Assay of Natriuretic Peptides
Blood was obtained from each patient's arterial catheter at the following time points: baseline (after induction of general anesthesia and before sternotomy), 30 minutes after arrival to the intensive care unit (ICU) after surgical intervention, 12 hours after surgical intervention, and during the morning of postoperative days (PODs) 1, 2, and 3. Blood was placed in prechilled vacuum tubes containing 0.068 mL of 7.5% (K₃) ethylenediamine tetraacetic acid and immediately processed on ice. The tubes were placed in a refrigerated centrifuge, and the supernatant plasma was placed in aliquots in polystyrene tubes and frozen at –70°C. The plasma samples were sent to a reference laboratory (Cardiorenal Research Laboratory, Mayo Clinic, Rochester, Minn) for measurement of ANP, BNP, and their secondary messenger, guanosine 3', 5'-monophosphate (cGMP), using standardized radioimmunoassay techniques. The biologic activity of the NHS was determined at each time point by calculating the molar ratio of cGMP/(ANP + BNP). The following molar weights were used in these calculations: ANP, 3078 g/mol; BNP, 3462 g/mol. Normal adult natriuretic hormone values as reported by the reference laboratory were used for patients older than 16 years as follows: ANP, 25 ± 11 pg/mL; BNP, 12 ± 4 pg/ml. Reference levels for infants and children were as follows: at birth, ANP of 129 ± 77 pg/mL and BNP of 197 ± 170 pg/mL; 5 days old, ANP of 120 ± 62 pg/mL and BNP of 62 ± 14 pg/mL; less than 4 months old, ANP of 49 ± 15 pg/mL and BNP of 21 ± 10 pg/mL; less than 1 year old, ANP of 49 ± 9 pg/mL and BNP of 7 ± 7 pg/mL; less than 5 years old, ANP of 25 ± 12 pg/mL and BNP of 7 ± 3 pg/mL; less than 10 years old, ANP of 28 ± 9 pg/mL and BNP of 7 ± 3 pg/mL; less than 16 years old, ANP of 31 ± 12 pg/mL and BNP of 7 ± 3 pg/mL. ⁶

At each time point, the following clinical indicators that might predict postoperative morbidity were determined.

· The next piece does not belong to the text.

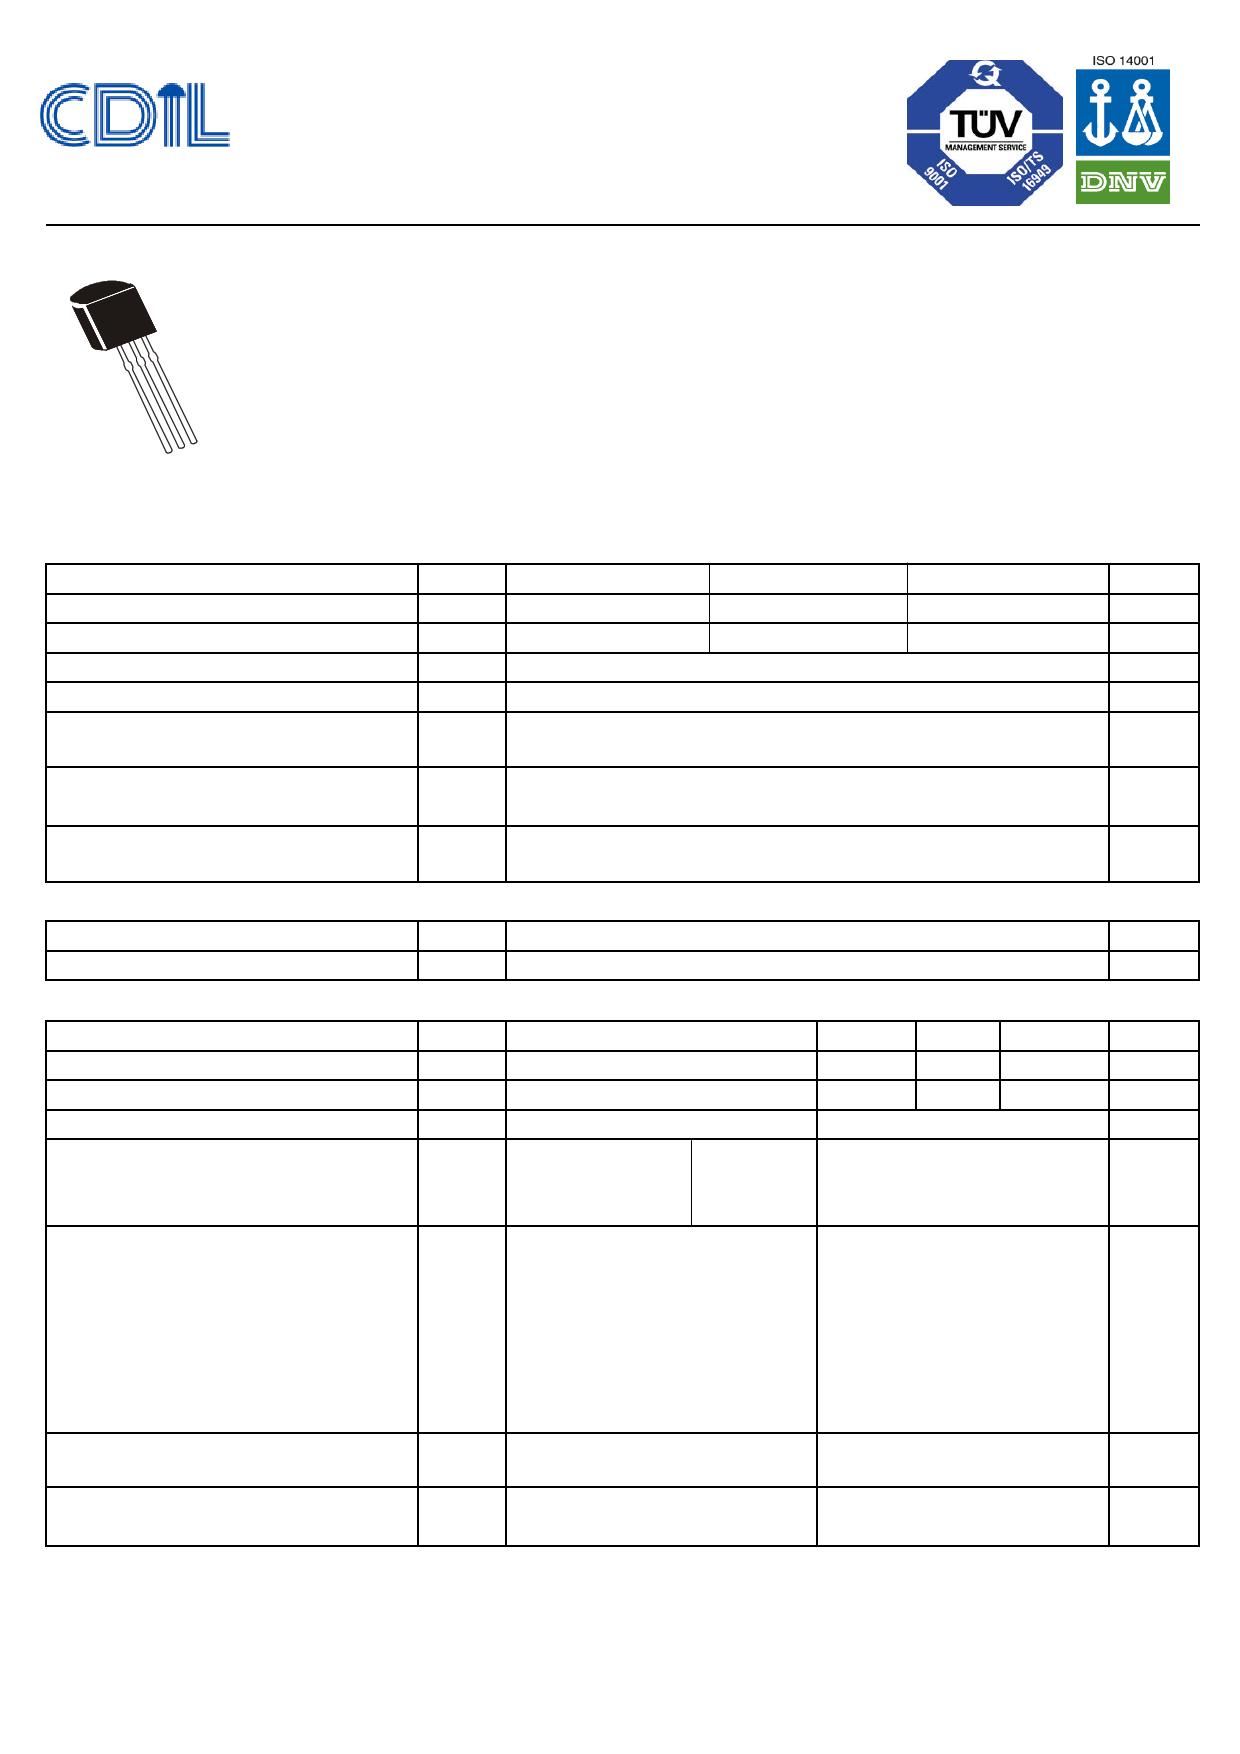 BC485L 데이터시트 및 BC485L PDF

Arterial venous oxygen saturation difference was calculated by oxyhemoglobin measurements from the arterial catheter and distal superior vena cava (or from the BDG or Fontan pathways in those surgical subsets). The cardiac index was calculated with the Fick equation by using assumed oxygen consumption. Arterial lactate levels were measured with amperometry (ABL 700 Series Analyzers; Radiometer Medical A/S, Bronshoi, Denmark). An inotrope score was calculated as follows (all doses in µg·kg^–1 ·min^–1): Inotrope score = [Dopamine + Dobutamine + (Milrinone x 10) + (Epinephrine x 100)].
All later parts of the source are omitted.